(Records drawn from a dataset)
────────────────────

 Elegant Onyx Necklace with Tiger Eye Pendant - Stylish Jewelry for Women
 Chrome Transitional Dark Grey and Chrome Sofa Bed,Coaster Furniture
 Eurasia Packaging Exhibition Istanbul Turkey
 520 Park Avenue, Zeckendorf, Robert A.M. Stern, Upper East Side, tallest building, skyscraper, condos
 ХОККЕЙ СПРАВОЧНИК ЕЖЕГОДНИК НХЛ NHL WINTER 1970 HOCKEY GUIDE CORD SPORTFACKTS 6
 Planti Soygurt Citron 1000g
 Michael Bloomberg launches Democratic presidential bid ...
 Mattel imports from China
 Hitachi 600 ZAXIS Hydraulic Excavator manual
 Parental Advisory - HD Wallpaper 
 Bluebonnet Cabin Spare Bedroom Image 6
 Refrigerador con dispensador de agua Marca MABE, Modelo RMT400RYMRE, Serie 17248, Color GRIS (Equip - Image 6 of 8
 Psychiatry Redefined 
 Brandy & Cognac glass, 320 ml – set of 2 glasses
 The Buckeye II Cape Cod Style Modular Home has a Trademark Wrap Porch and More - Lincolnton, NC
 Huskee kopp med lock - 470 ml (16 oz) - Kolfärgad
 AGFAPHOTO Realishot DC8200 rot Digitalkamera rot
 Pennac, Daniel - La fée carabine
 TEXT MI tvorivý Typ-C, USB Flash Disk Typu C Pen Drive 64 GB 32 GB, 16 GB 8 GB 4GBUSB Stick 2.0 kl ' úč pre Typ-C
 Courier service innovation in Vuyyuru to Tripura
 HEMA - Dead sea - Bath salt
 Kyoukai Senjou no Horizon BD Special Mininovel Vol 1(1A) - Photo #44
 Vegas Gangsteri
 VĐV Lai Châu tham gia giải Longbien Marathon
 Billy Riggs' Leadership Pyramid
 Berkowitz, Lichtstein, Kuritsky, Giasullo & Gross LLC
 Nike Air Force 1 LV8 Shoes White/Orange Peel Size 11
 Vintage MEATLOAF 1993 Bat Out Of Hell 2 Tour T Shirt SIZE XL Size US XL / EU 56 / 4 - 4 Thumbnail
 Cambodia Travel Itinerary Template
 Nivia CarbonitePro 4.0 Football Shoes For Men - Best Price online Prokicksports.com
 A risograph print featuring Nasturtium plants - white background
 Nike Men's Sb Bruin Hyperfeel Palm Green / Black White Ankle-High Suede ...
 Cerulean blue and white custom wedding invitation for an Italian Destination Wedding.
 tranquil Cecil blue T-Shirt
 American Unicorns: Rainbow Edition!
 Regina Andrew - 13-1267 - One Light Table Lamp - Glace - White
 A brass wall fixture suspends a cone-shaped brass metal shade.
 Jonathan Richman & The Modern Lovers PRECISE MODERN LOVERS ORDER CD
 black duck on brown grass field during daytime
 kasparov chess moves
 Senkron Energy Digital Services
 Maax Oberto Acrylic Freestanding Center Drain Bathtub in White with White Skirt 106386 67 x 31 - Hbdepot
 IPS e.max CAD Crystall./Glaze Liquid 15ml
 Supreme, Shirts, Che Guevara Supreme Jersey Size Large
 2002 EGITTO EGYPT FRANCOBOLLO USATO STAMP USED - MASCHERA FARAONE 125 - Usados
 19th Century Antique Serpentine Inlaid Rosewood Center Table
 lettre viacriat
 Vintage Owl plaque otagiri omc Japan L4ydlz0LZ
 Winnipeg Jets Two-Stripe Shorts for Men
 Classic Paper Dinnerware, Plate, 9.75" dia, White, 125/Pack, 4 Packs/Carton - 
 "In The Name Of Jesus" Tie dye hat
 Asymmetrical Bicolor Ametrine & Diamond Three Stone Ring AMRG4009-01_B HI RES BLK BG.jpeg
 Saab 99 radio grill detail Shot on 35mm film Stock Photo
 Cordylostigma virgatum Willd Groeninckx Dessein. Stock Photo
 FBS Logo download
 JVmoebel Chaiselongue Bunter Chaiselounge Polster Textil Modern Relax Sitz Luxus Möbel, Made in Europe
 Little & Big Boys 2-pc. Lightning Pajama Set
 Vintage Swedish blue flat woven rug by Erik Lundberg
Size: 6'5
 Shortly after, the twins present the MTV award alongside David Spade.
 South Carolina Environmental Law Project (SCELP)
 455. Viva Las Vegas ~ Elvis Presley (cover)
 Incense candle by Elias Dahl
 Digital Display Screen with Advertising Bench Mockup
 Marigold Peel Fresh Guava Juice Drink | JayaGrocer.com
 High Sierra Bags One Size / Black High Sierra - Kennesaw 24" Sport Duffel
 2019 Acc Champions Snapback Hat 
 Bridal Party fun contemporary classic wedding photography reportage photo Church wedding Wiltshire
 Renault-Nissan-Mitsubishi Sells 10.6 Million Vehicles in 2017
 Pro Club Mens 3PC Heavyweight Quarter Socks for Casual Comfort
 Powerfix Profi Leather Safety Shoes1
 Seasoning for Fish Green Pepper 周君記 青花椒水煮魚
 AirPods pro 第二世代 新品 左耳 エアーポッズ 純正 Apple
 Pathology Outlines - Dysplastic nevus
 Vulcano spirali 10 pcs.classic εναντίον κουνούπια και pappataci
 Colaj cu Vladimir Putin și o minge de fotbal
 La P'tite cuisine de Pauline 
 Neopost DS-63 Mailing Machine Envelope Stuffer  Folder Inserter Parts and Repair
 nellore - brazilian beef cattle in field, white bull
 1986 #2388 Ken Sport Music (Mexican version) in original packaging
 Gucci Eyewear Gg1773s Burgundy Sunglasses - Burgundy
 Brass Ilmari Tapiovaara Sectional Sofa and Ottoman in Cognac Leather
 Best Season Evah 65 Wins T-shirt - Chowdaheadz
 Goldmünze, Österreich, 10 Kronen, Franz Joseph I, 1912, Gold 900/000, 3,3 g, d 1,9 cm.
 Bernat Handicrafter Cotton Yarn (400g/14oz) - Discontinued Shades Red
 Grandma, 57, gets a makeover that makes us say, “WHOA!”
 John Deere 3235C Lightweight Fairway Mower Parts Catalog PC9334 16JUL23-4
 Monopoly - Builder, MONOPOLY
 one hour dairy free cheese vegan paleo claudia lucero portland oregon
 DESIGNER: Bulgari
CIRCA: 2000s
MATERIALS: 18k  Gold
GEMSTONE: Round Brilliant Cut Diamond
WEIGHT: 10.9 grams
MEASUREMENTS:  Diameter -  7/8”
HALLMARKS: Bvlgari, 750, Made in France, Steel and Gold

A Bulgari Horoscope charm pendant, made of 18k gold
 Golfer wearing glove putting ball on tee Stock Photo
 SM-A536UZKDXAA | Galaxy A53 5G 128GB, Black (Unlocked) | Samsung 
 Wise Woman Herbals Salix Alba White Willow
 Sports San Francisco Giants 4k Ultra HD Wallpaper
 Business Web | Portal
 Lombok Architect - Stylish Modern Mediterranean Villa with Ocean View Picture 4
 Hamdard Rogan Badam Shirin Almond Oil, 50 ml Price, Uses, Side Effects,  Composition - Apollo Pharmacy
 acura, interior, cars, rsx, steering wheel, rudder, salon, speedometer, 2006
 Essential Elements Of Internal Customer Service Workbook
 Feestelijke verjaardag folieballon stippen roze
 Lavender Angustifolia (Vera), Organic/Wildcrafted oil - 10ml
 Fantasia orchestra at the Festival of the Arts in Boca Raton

────────────────────

EXERCISE: Produce only the lines from the line containing "DESIGNER: Bulgari" through the line containing "Lombok Architect - Stylish", inclusive of both, exactly as they stand in the entries above.

SOLUTION TO THIS PROBLEM:
 DESIGNER: Bulgari
CIRCA: 2000s
MATERIALS: 18k  Gold
GEMSTONE: Round Brilliant Cut Diamond
WEIGHT: 10.9 grams
MEASUREMENTS:  Diameter -  7/8”
HALLMARKS: Bvlgari, 750, Made in France, Steel and Gold

A Bulgari Horoscope charm pendant, made of 18k gold
 Golfer wearing glove putting ball on tee Stock Photo
 SM-A536UZKDXAA | Galaxy A53 5G 128GB, Black (Unlocked) | Samsung 
 Wise Woman Herbals Salix Alba White Willow
 Sports San Francisco Giants 4k Ultra HD Wallpaper
 Business Web | Portal
 Lombok Architect - Stylish Modern Mediterranean Villa with Ocean View Picture 4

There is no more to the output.